Wednesday, February 17, 2010

B-Side Dominance

It's easy to find things that were intended to be clever and great that just end up being totally stupid. But while they are rare, here and there you can also find something that was intended to be very stupid that, contrary to expectation, turned out splendid. I was put in mind of this because something or other as I was walking back from the grocery store put me into mind of one of pop music's most famous cases -- a song quite literally written never to be listened to.

In the days of vinyl, singles were generally sold in pairs -- there was an A-side single and B-side single. Because the record actually had to be physically flipped over to hear the song, one side would always be listened to more. Thus one tried to pair songs in such a way that took this into account. What is more, if you were really trying to put focus on a song, you wanted its B-side counterpart to be a throwaway song that didn't require much and that you wouldn't mind if people never listened to. So when Leka, and DeCarlo were told that the record company, Mercury Records, wanted to use all their suggested singles as A-sides, they had to scramble to find B-sides. One of the ones they chose was an old one they had done in a previous band, The Chateaus, with another person, Freshuer; but it was too short. So when Leka, DeCarlo, and Freshuer re-recorded it (they basically just threw it together, using a drum track instead of drummer), they put in the easiest and stupidest chorus they could think of, "na, na, na, na, na, na, na, na," which they used when they were composing lyrics and couldn't think of anything at the moment.

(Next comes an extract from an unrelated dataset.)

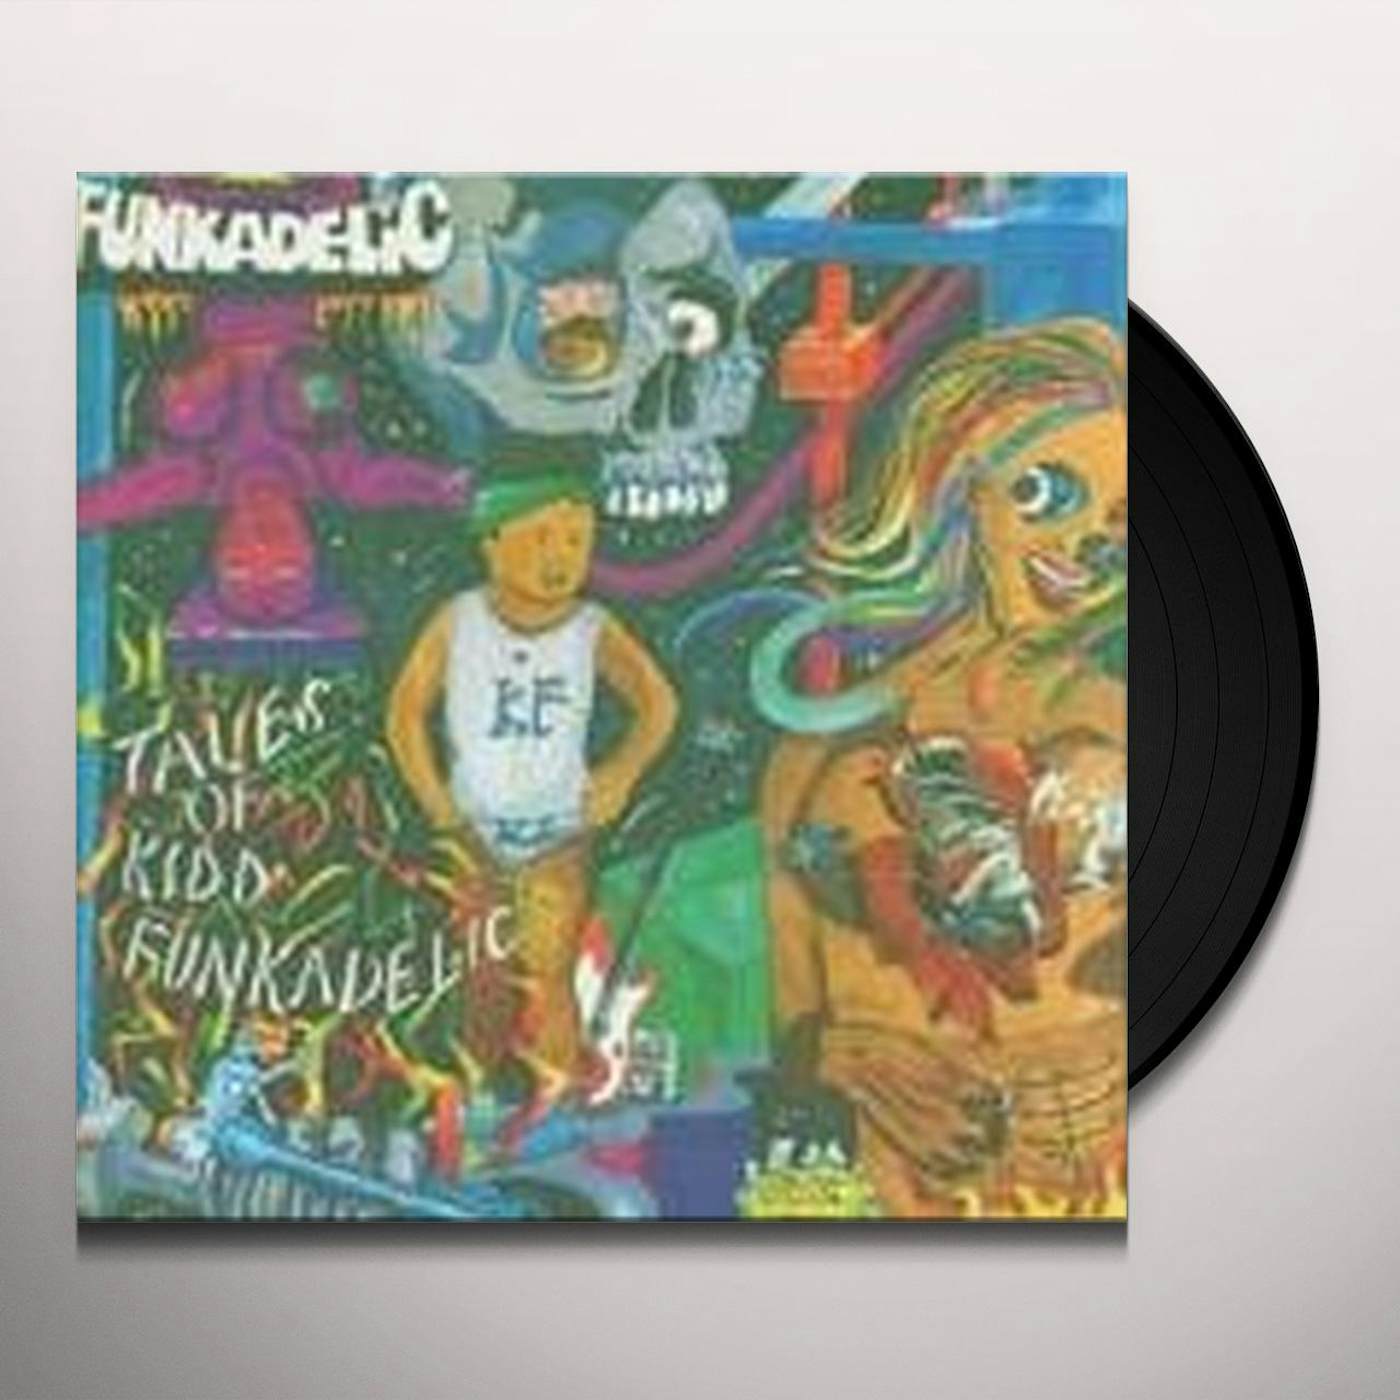 Tales of Kidd Funkadelic Vinyl Record
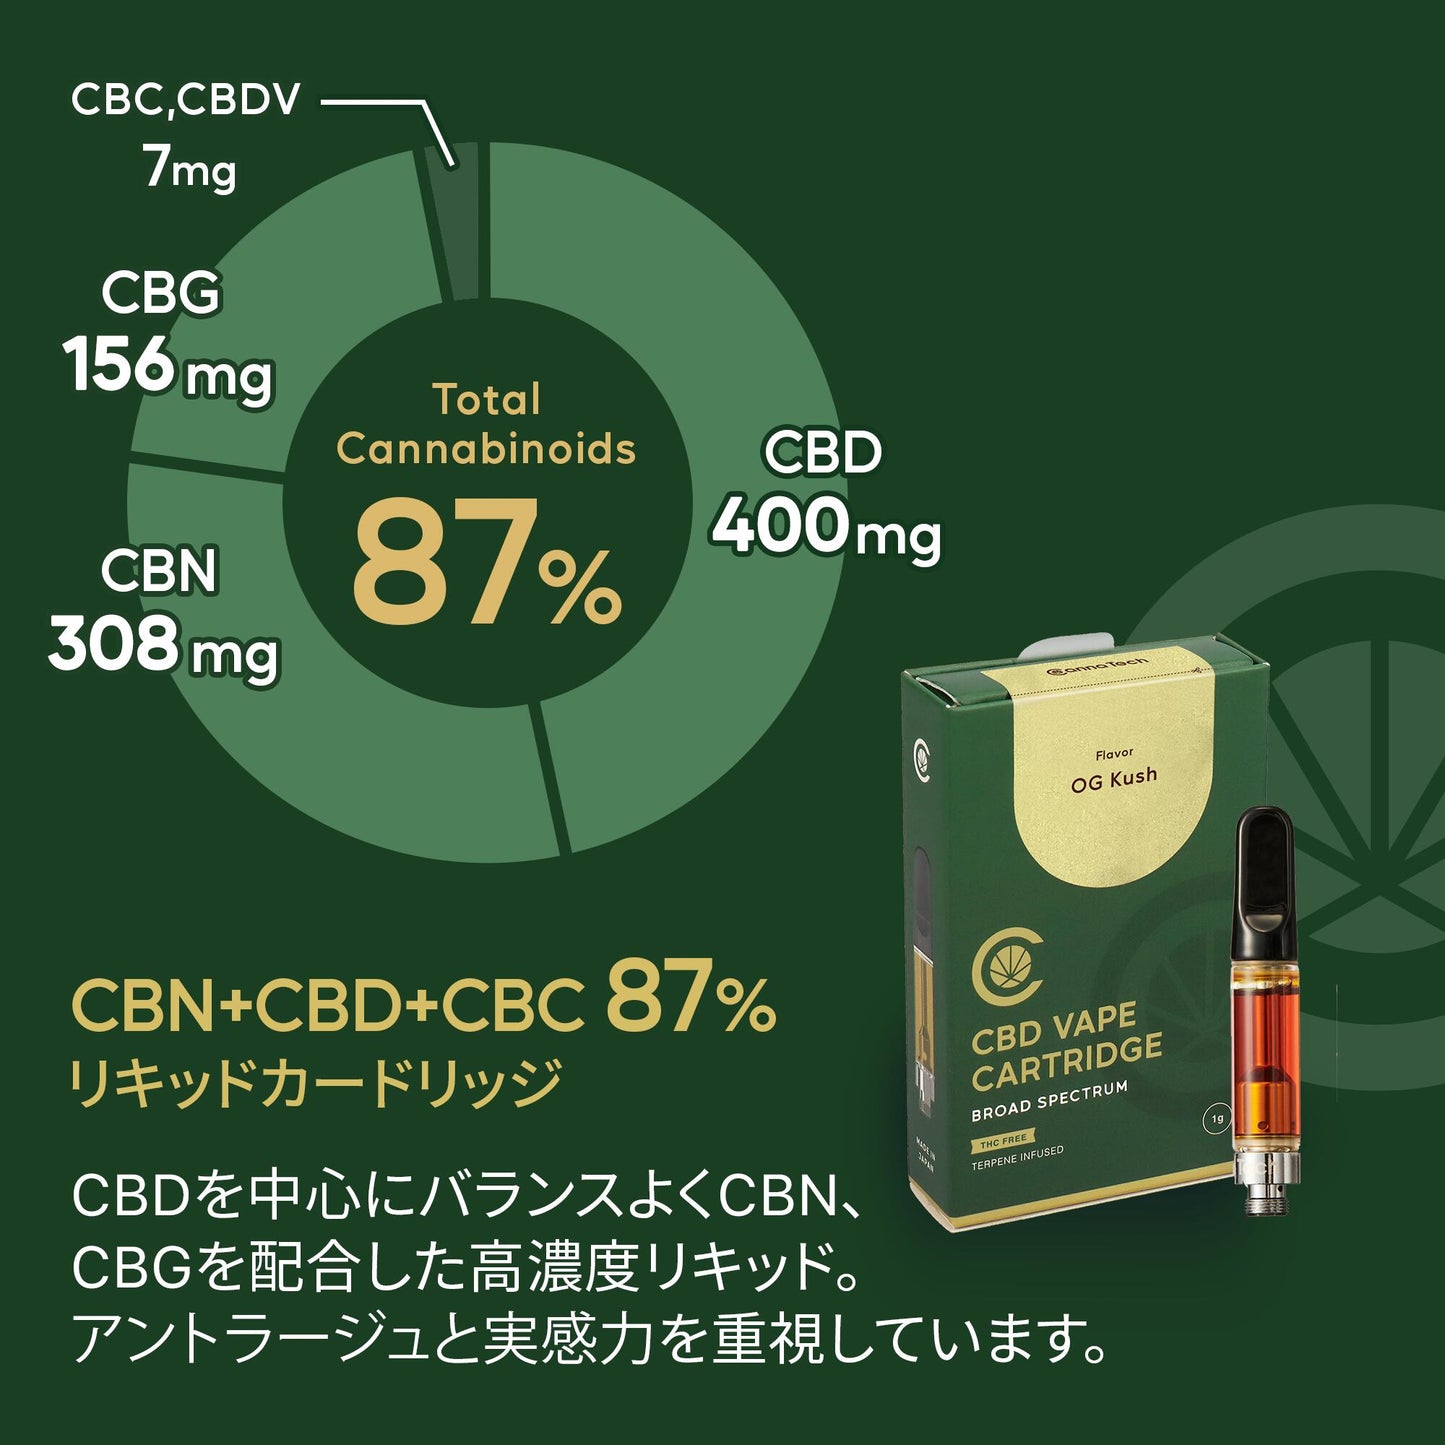 CBD リキッド 87% CBN CBG 配合 カートリッジ 1g  ( CBD 400mg CBN 308mg CBG 156mg )

None of the three wanted to be associated with such a stupid song, so they made up a band, "Steam," on whom it could be blamed. Mercury Records was so horrified by the song that they decided not to release it under their Mercury label -- they passed it down to Fontana, a subsidiary, and it got put on a record as B-side trash, a song made never to be listened to.

One day a radio DJ in Georgia turned the promo record over, however. People who heard it began to call in to request it; it became one of that radio station's most commonly requested songs. Other radio stations began to play it, and soon it was heard all over the South. Wind got back to Mercury Records; they were startled, but being record company executives in 1969 they were not stupid. They did what record companies do with songs they think are going to make them money: they bought up enough copies to guarantee them a place on the Billboard magazine lists. Radio stations that watched Billboard listings began to play it. And it became one of the best-selling songs of 1969. It started being used as change-over music in baseball; in the late 70s, the fans started singing along, and they have been singing along ever since. From baseball it spread to other sports.

It was far from high art. So far, in fact, that nobody bothers to judge it by the standards of high art -- they just judge it by how catchy and fun it is.

There are bound to be examples of similar things elsewhere -- things designed to be just plain stupid, not even for comic effect, that turned out to be just plain fun instead. But they're rare enough I can't think of any; can you?